THE DATA below:

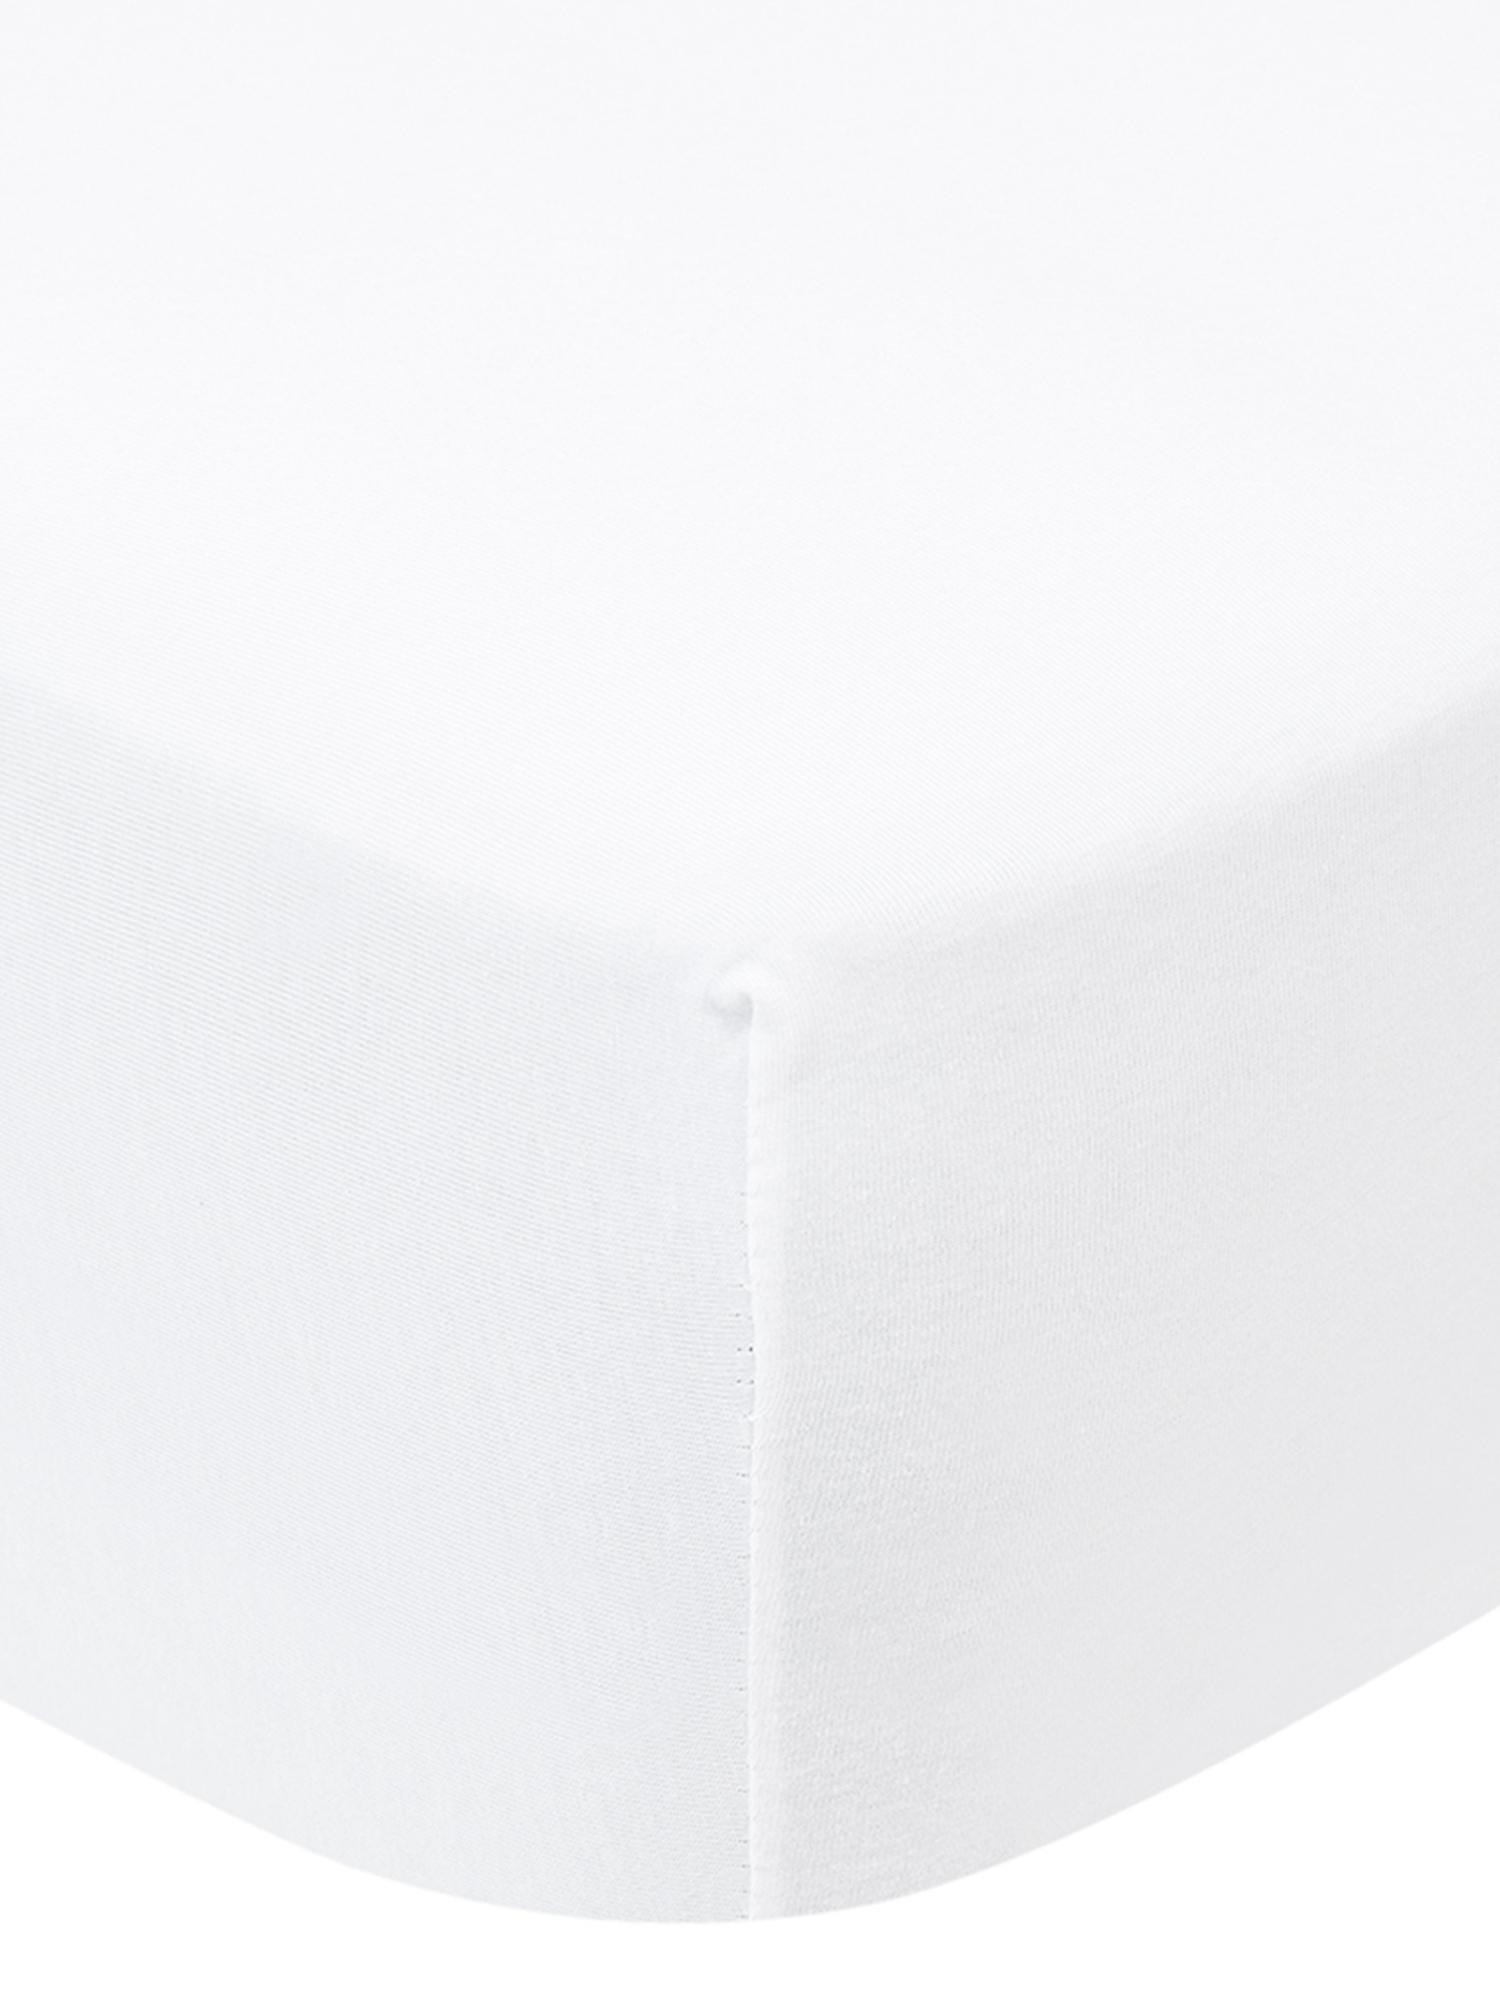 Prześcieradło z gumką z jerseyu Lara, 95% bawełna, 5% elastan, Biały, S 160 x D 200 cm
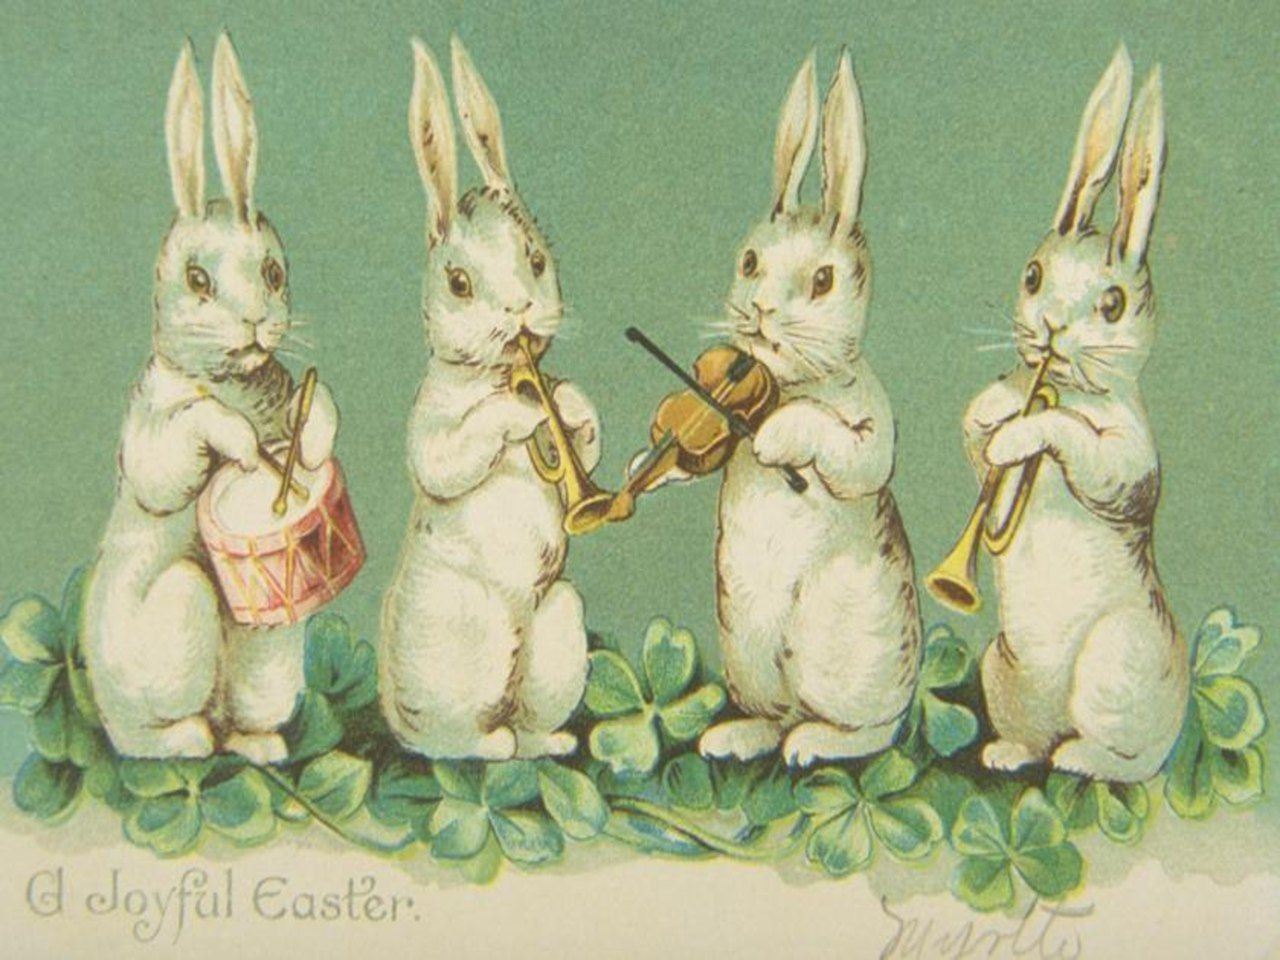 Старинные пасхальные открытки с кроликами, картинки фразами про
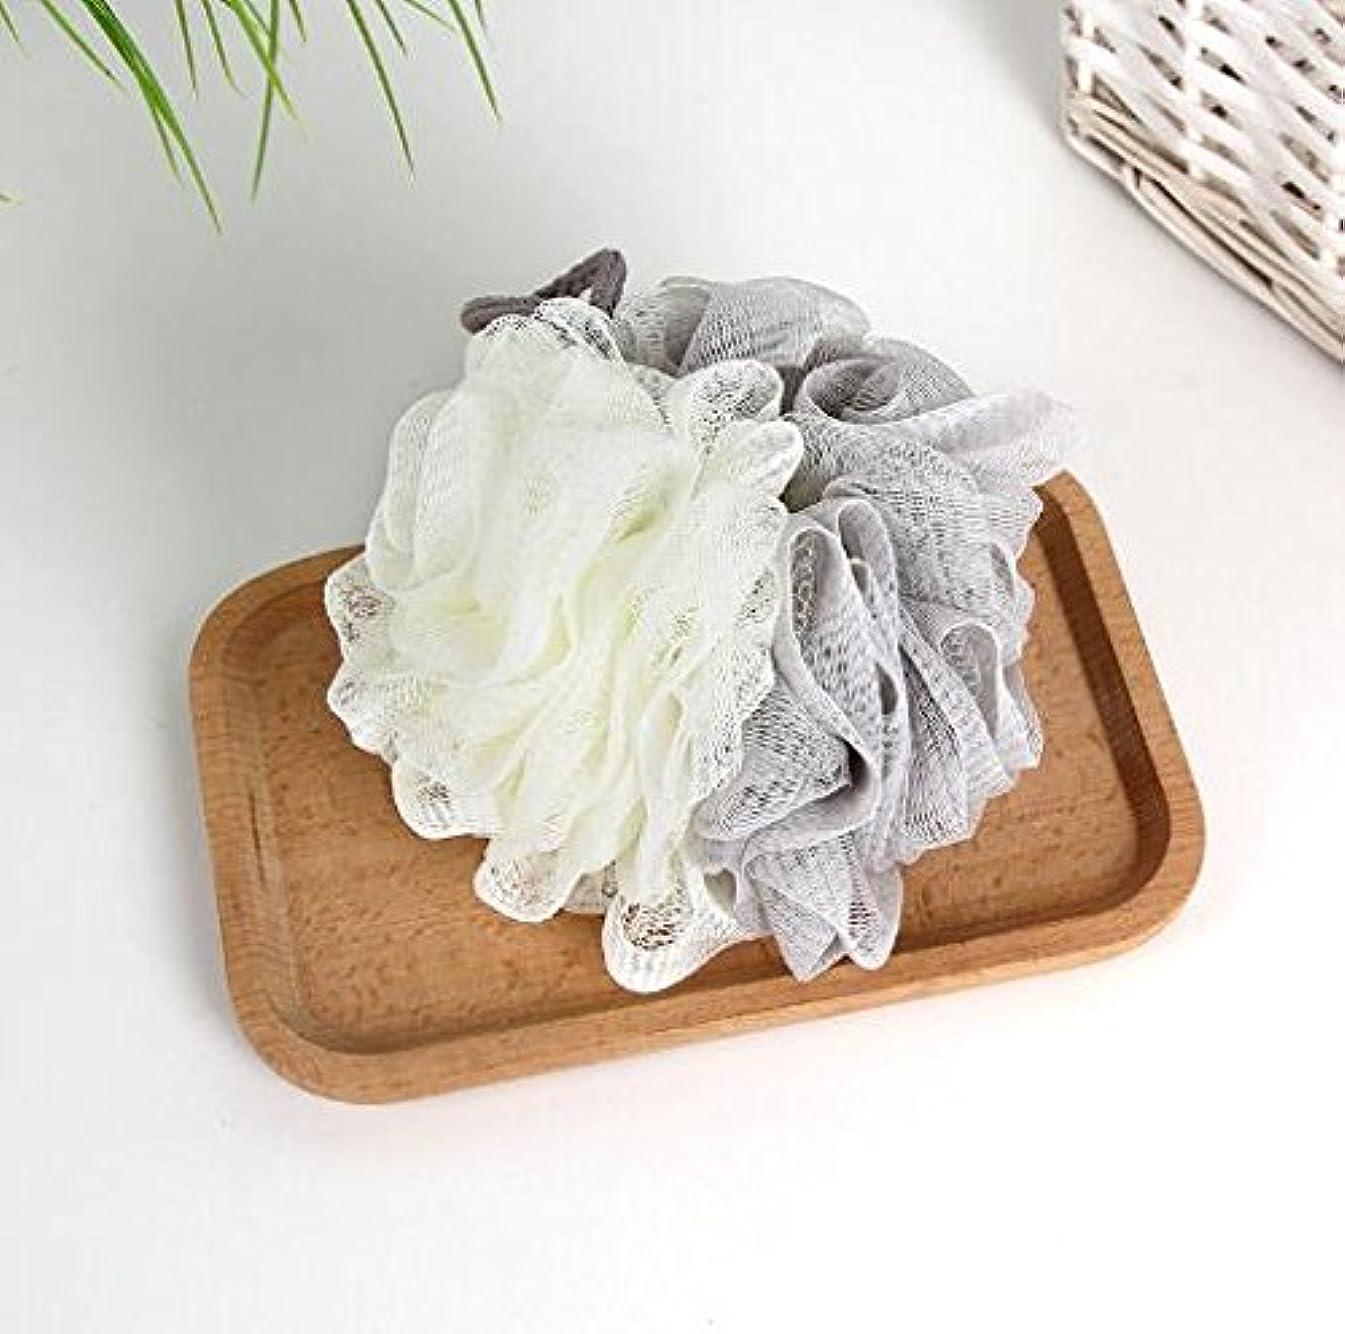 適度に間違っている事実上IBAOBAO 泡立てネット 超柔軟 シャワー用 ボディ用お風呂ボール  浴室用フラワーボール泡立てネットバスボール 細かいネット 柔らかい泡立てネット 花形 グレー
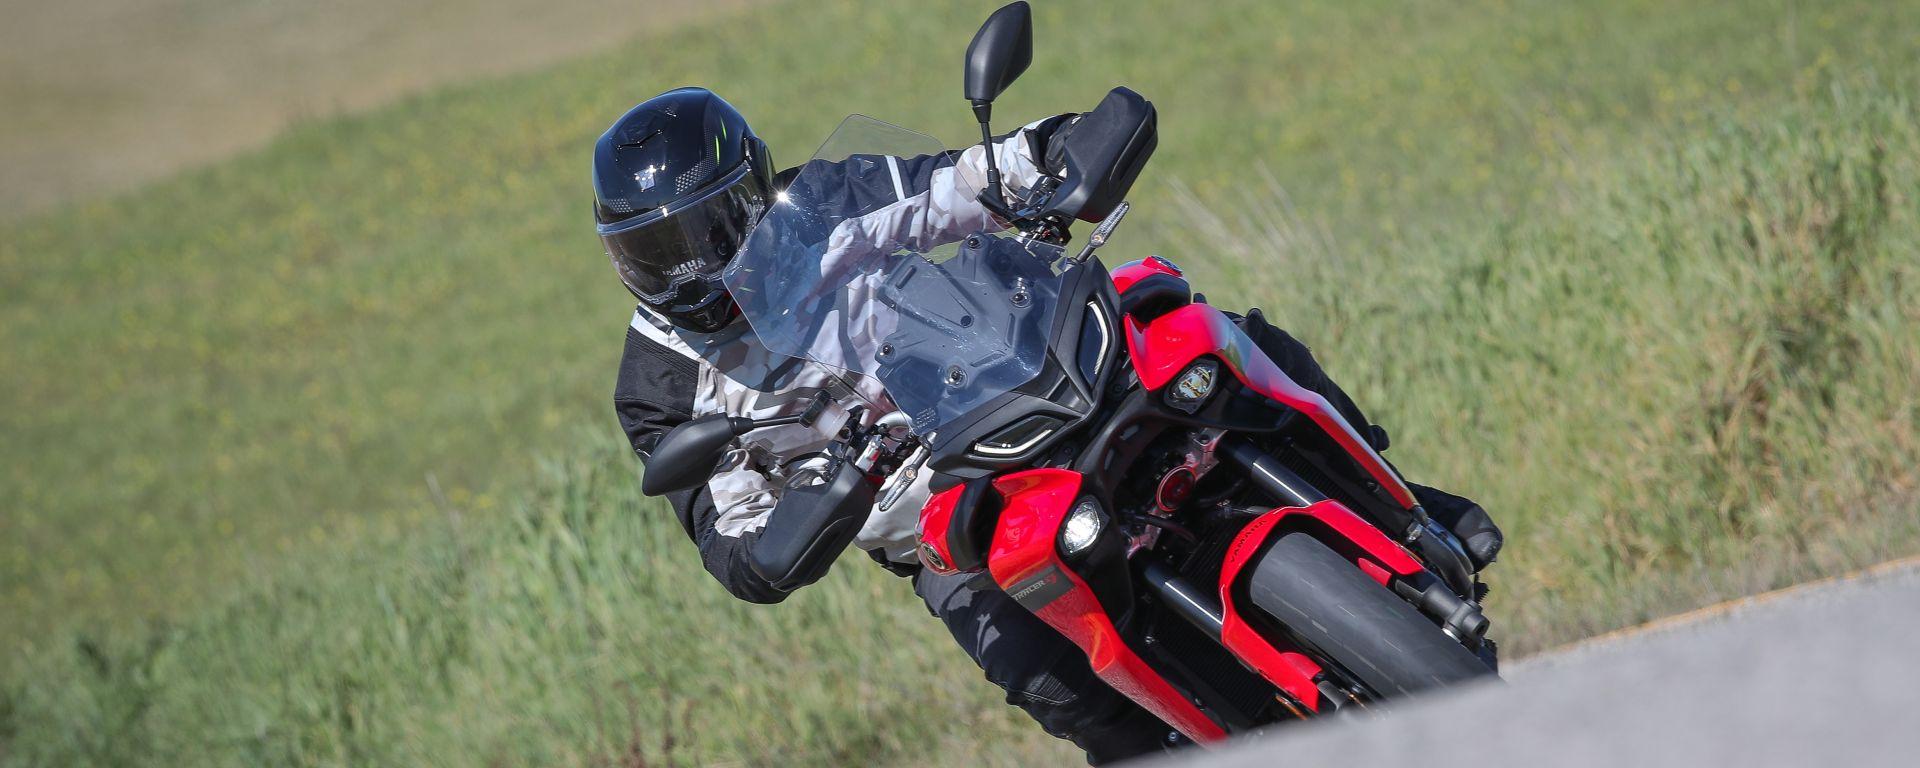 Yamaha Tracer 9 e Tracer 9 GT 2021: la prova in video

End of THE DATA.

◆ EXERCISE PROMPT:
A faithful copy of all the lines above is needed, with the pictures omitted.

◆ RESULT OF THE EXERCISE:
 Prześcieradło z gumką z jerseyu Lara, 95% bawełna, 5% elastan, Biały, S 160 x D 200 cm
 Старинные пасхальные открытки с кроликами, картинки фразами про
 適度に間違っている事実上IBAOBAO 泡立てネット 超柔軟 シャワー用 ボディ用お風呂ボール  浴室用フラワーボール泡立てネットバスボール 細かいネット 柔らかい泡立てネット 花形 グレー
 Yamaha Tracer 9 e Tracer 9 GT 2021: la prova in video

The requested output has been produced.